* **INFORMATION SUPPLIED**
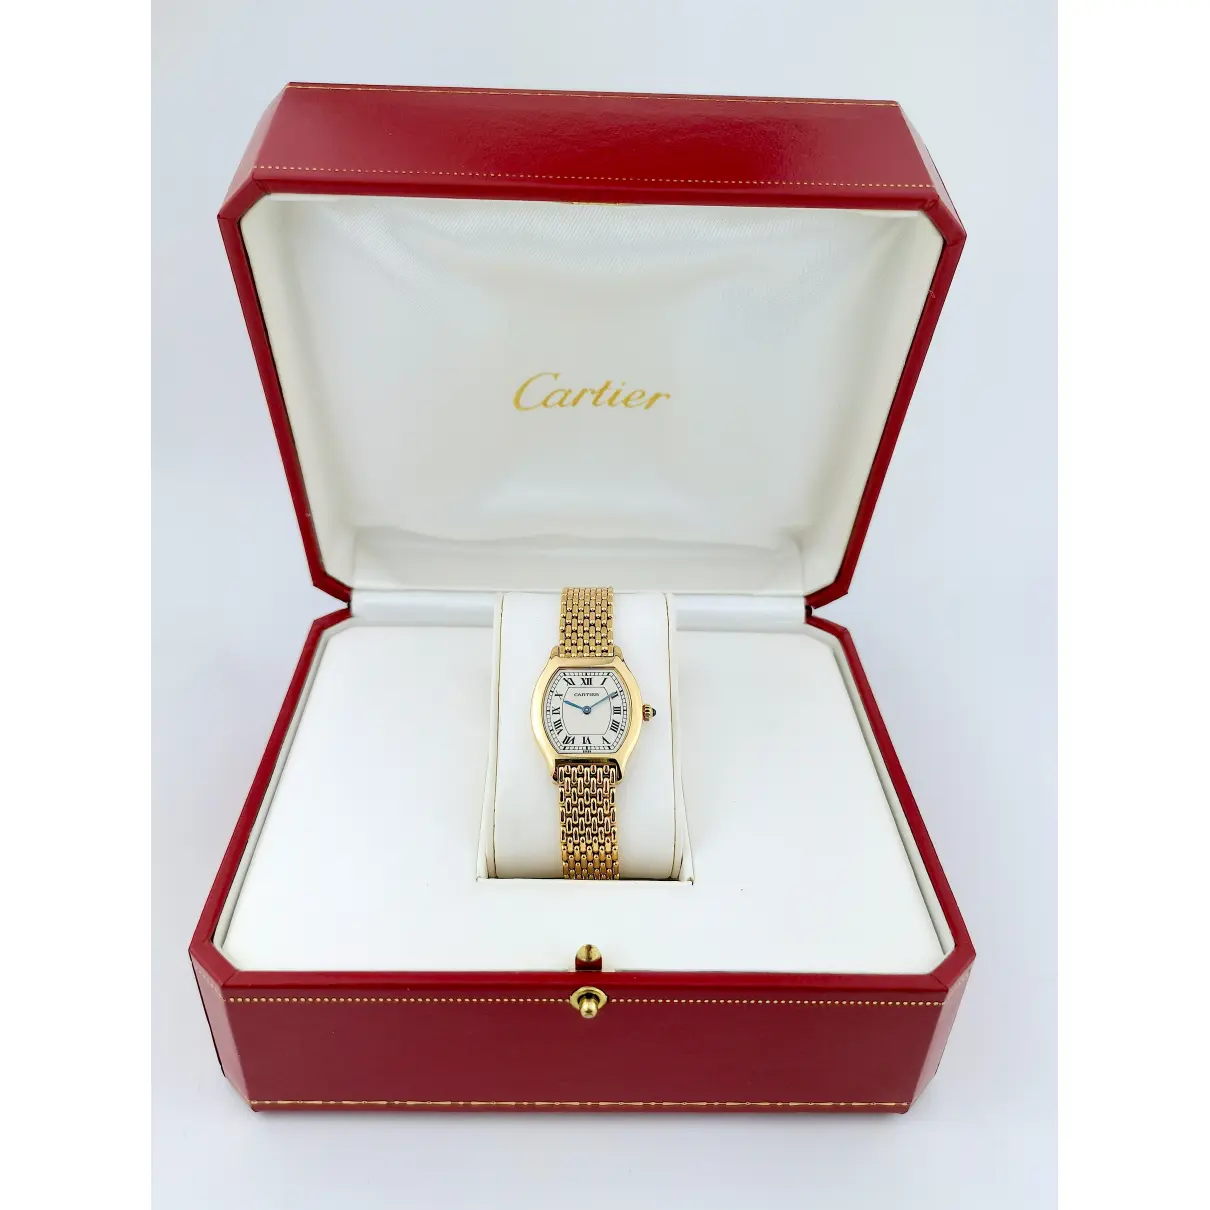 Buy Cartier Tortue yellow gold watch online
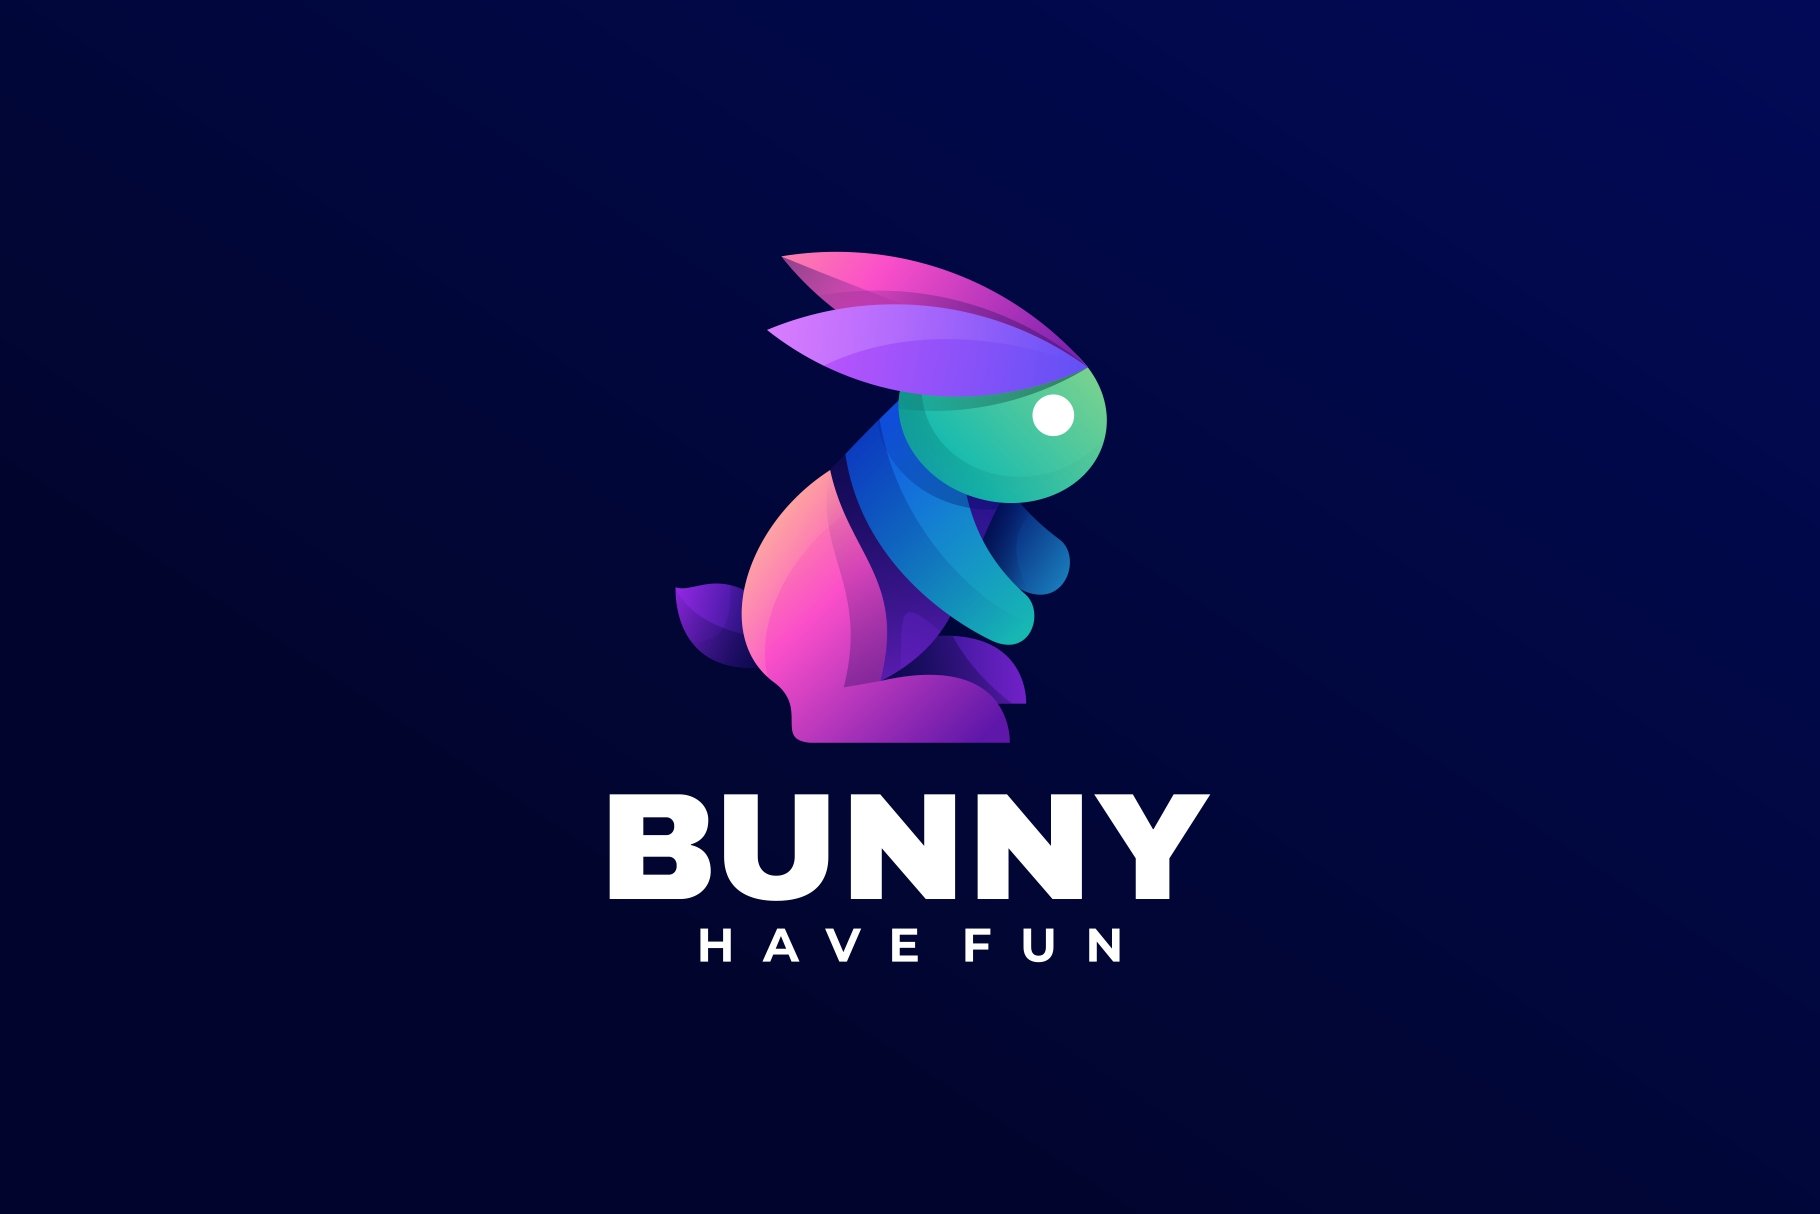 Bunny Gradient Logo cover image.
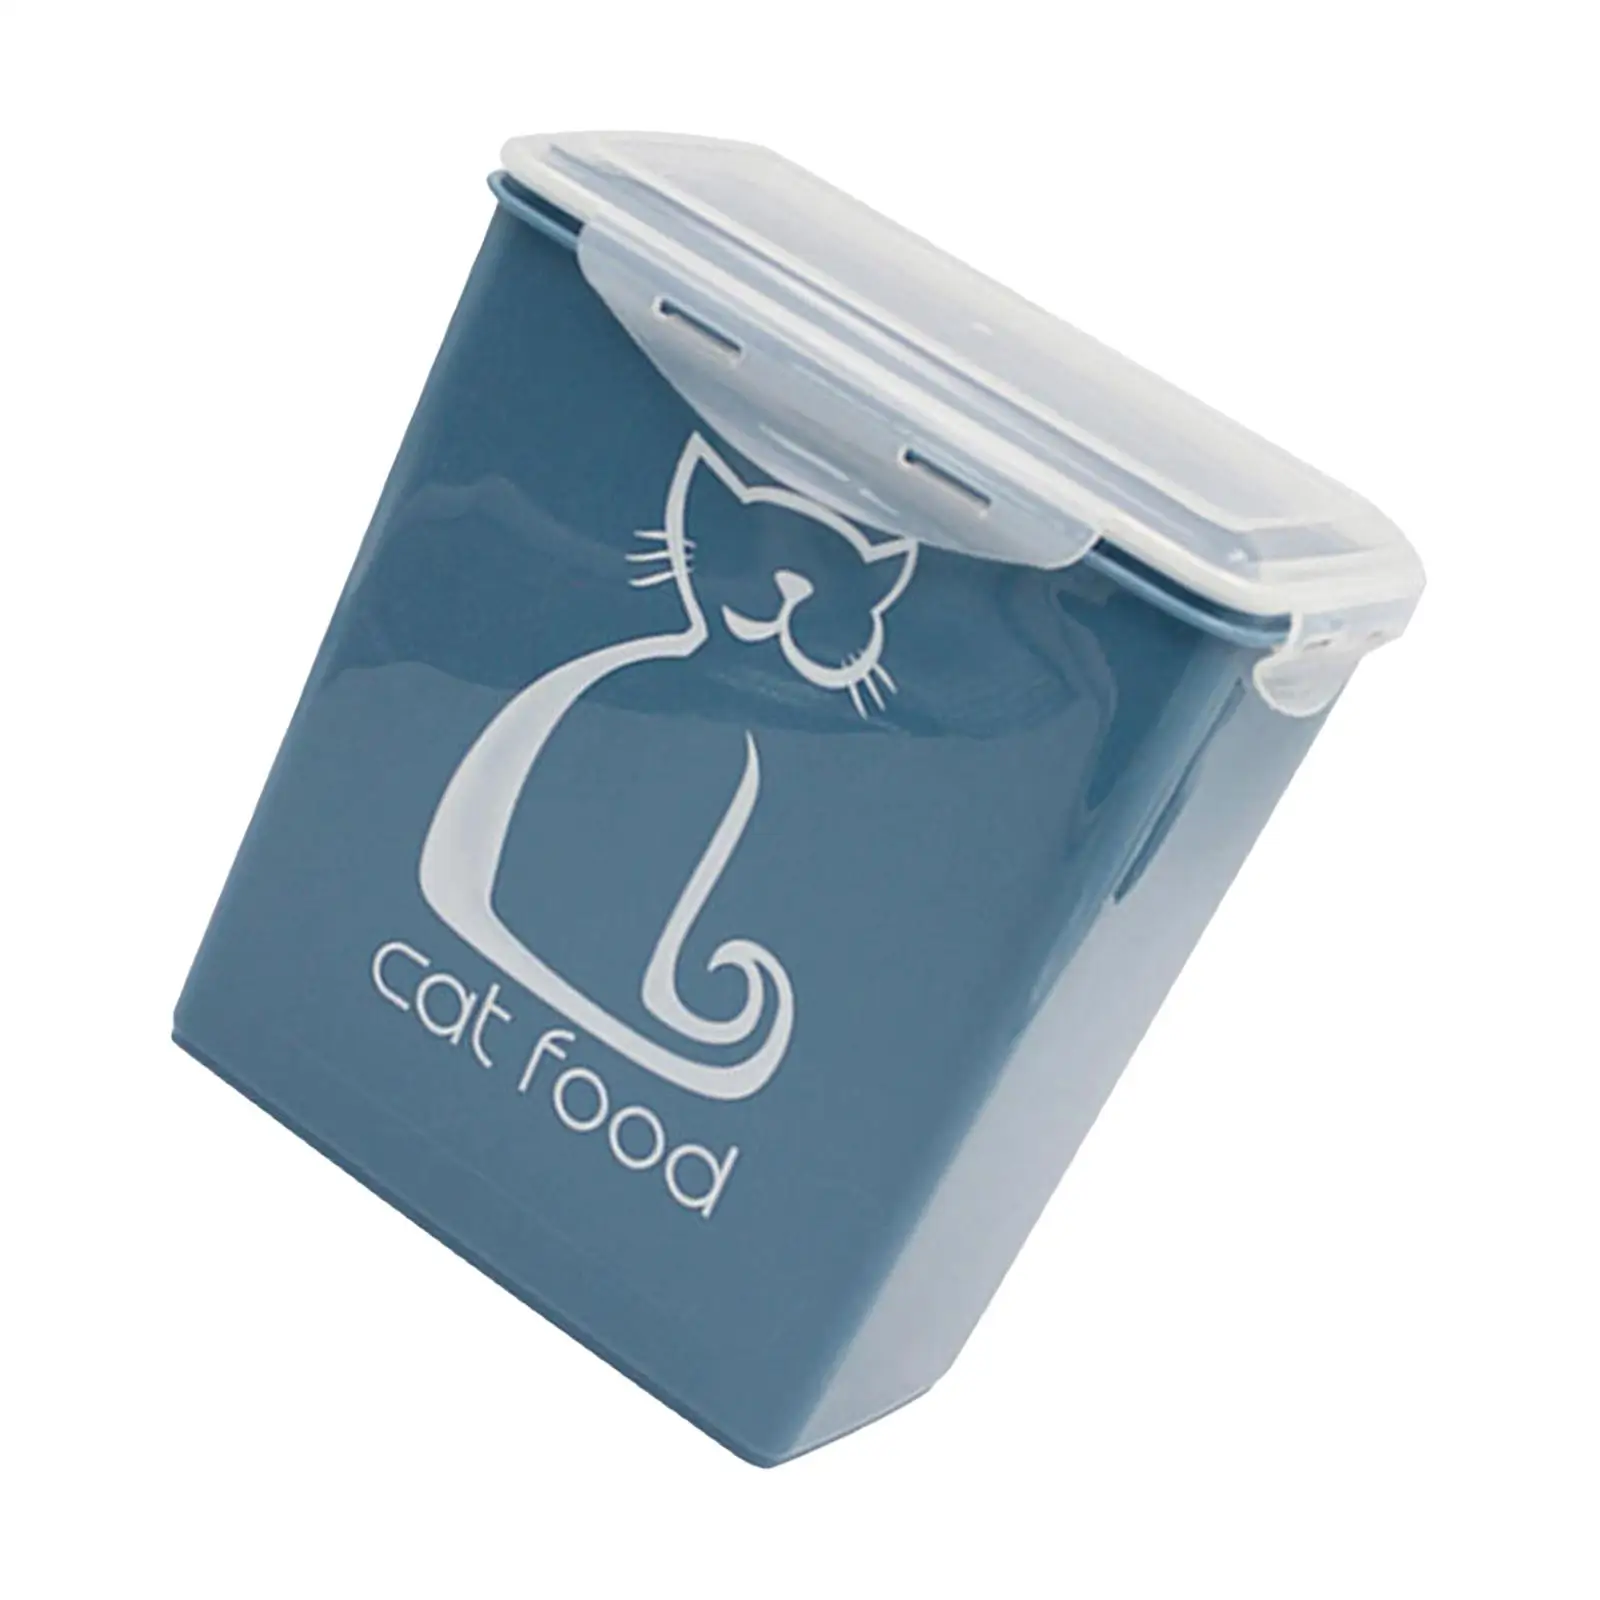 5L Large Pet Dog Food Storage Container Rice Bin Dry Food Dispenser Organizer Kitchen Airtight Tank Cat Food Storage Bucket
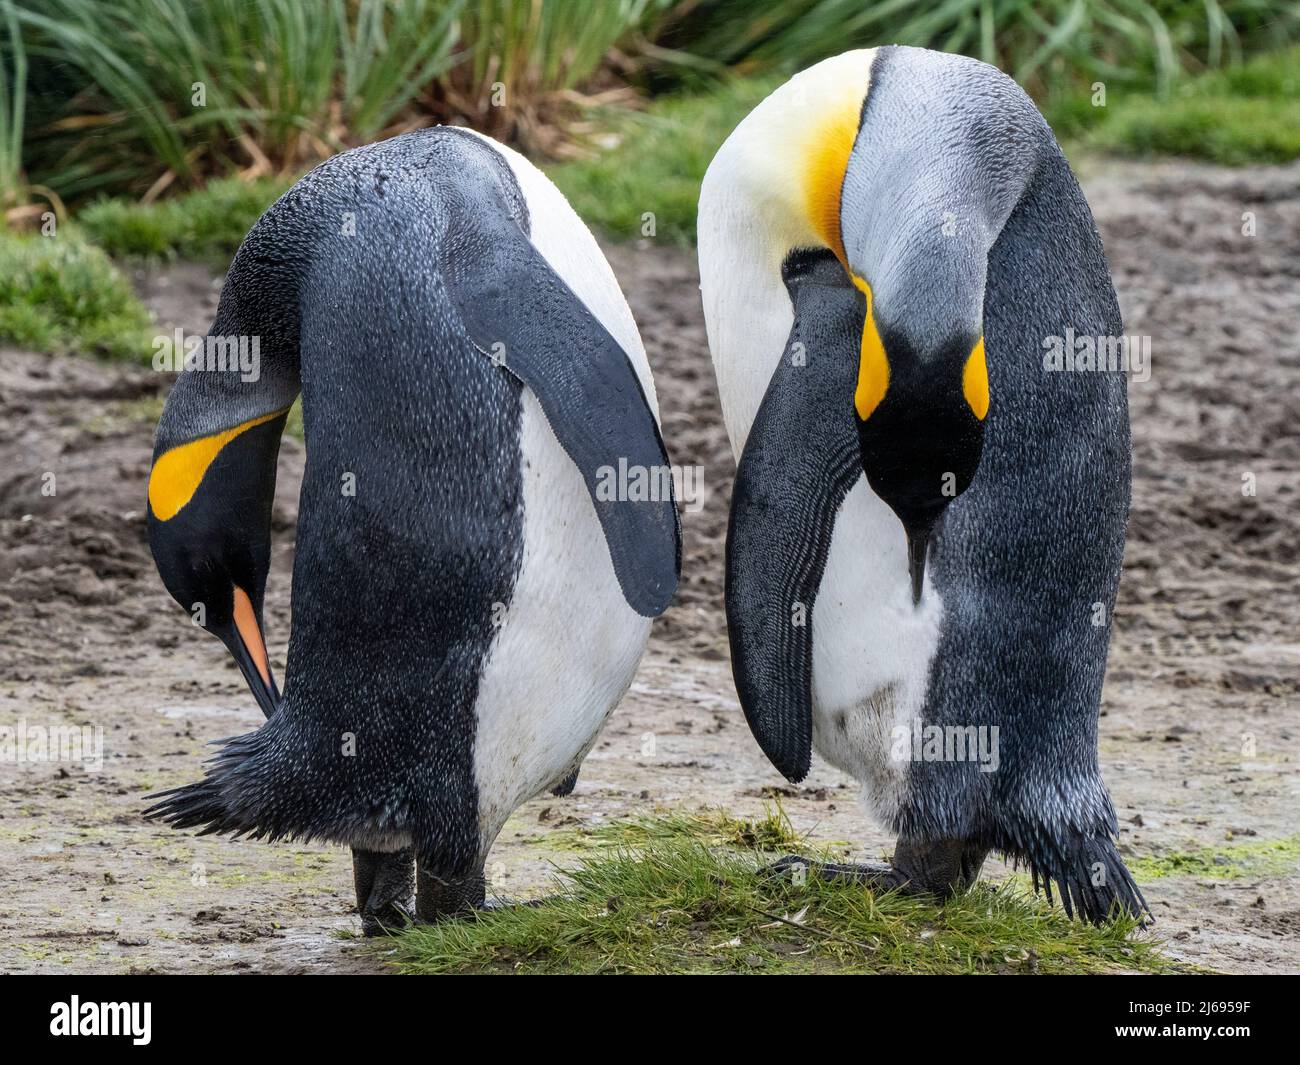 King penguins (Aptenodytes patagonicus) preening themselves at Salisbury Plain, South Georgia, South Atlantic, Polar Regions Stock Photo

* **WORK INSTRUCTIONS**
Keeping every word as it is, write out all the data and omit the pictures.

* **EXERCISE RESULT**
 Buy Cartier Tortue yellow gold watch online
 Bunny Gradient Logo cover image.
 5L Large Pet Dog Food Storage Container Rice Bin Dry Food Dispenser Organizer Kitchen Airtight Tank Cat Food Storage Bucket
 King penguins (Aptenodytes patagonicus) preening themselves at Salisbury Plain, South Georgia, South Atlantic, Polar Regions Stock Photo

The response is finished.